Optimize data conversion program to avoid memory error

Question

I am very new to Python and have idea how to optimize this program in order to avoid a memory error.

I am trying to read data from two workbooks: raw_data and mapping. I want to convert the raw_data into a new spreadsheet using the mapping document to transform the data. So I load in the workbooks, create data dictionaries out of the mapping data and start converting.
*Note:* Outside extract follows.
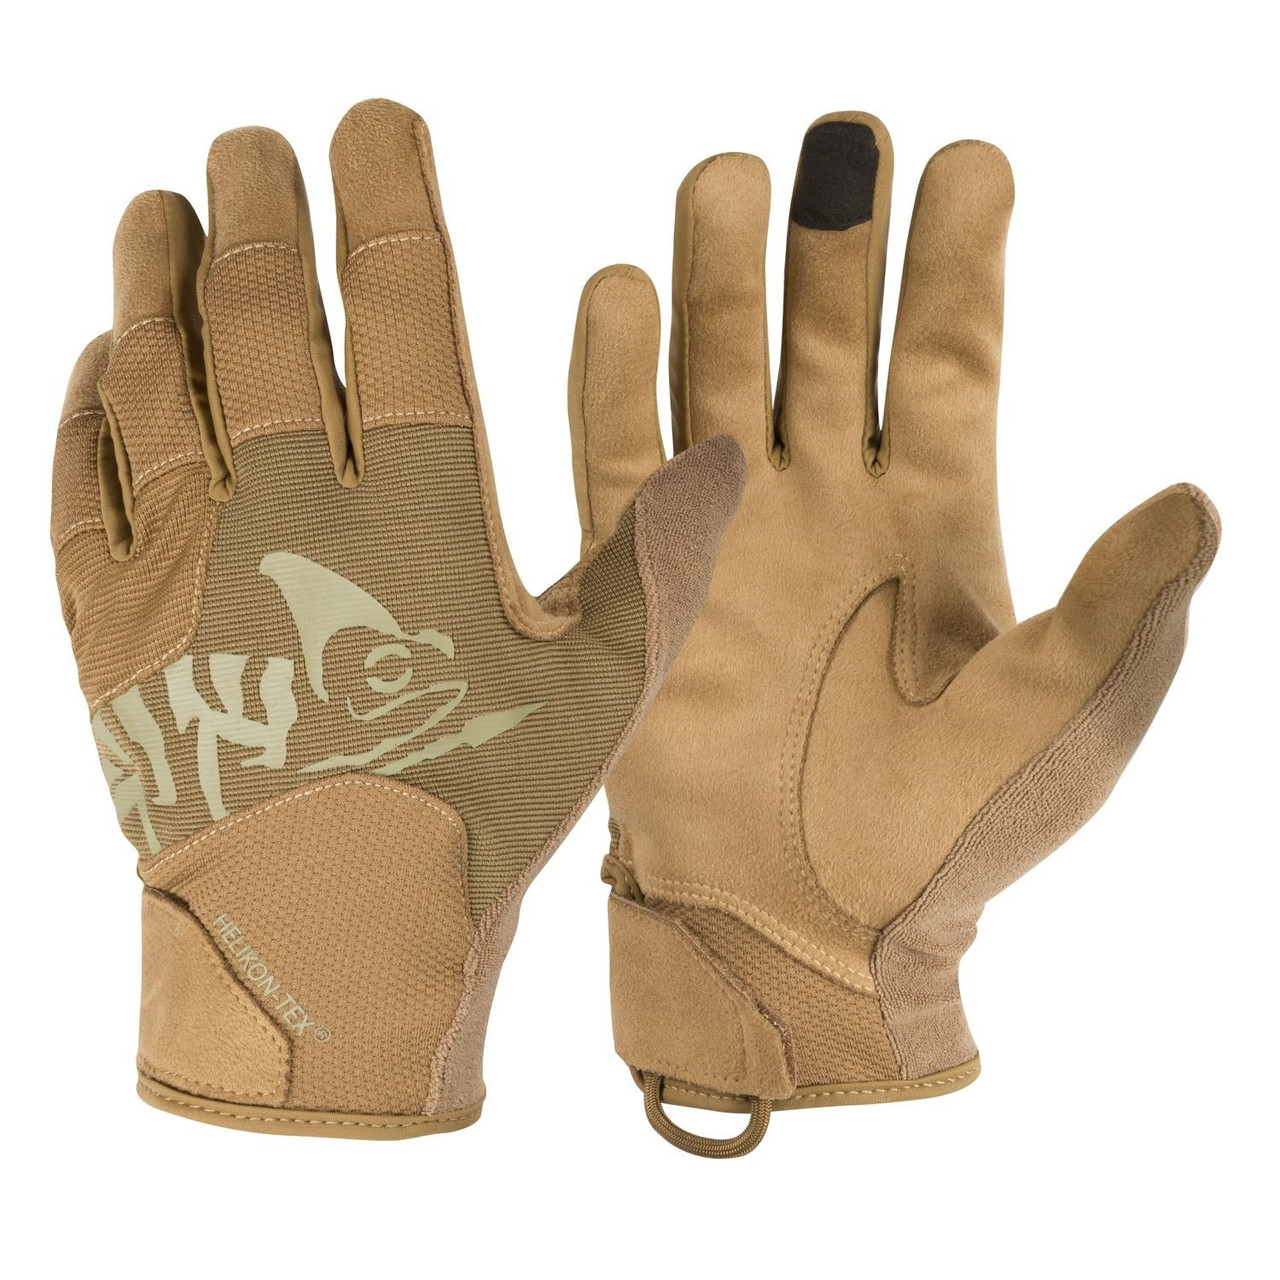 "Precision and Comfort: Перчатки полнопалые Helikon-Tex All Round Tactical Gloves, Цвет - Coyote, Размер XL" - фото 1 - id-p2012468491

However, I run into a memory error.

Is there any way to optimize the code below to avoid this error?

import openpyxl
from openpyxl.utils import get_column_letter

mapping = openpyxl.load_workbook(r'C:...\mapping.xlsx') #load mapping doc
wb = openpyxl.load_workbook(r'C:...\raw_data.xlsx') #load raw data


sheet = wb.active #look at the active sheet in the raw data file
user_map_raw = mapping.get_sheet_by_name('User ID Mapping') #for user ids
item_map_raw = mapping.get_sheet_by_name('Item ID Mapping') #for item ids
...other mappings here

def load(sheet): 

    user_dict = {}
    print "creating user dictionary..."
    for row in range(1, user_map_raw.max_row+1):
        old_name = user_map_raw['A' + str(row)].value #old user name
        new_name = user_map_raw['B' + str(row)].value #new user name
        user_dict[old_name] = new_name #old name is key for the new name

    item_dict = {}
    print "creating item id dictionary..."
    for row in range(1, item_map_raw.max_row+1):
        old_item = item_map_raw['A' + str(row)].value #old item id
        new_item = item_map_raw['B' + str(row)].value #new item id
        item_dict[old_item] = new_item #old item id is key for new item id

    raw = [] #empty list to store data before writing to new file
    for row in range(2, sheet.max_row+1): #loop thru raw data and map
        print "loading row %s" % row
        user_ID = user_dict[sheet['A' + str(row)].value]
        item_type = sheet['B' + str(row)].value
        item_ID = item_dict[sheet['C' + str(row)].value]
        ...other transformations here
        add = [user_ID, item_type, item_ID, ...]
        raw.append(add) #add transformed data to list

    new = openpyxl.Workbook() #create new workbook
    output = new.active #select the active sheet
    for i in range(len(raw)): #loop through transformed data list
        "print writing row %s" %i
        for j in range(len(raw[i])): #write to new sheet
            output[get_column_letter(j+1) + str(i+1)] = raw[i][j]
    new.save('new_doc.xlsx')

load(sheet)

score 1 · Accepted Answer · edited May 23 '17 at 10:29

The primary optimization would be to avoid loading the entire primary workbook into memory as well as avoiding storing the whole result in memory before writing. There are write_only and read_only modes for openpyxl workbooks that can save a lot of memory at runtime by implementing optimized representations with reduced features and support for iterators. Since you are writing a new file instead of editing in place these modes can make a big difference.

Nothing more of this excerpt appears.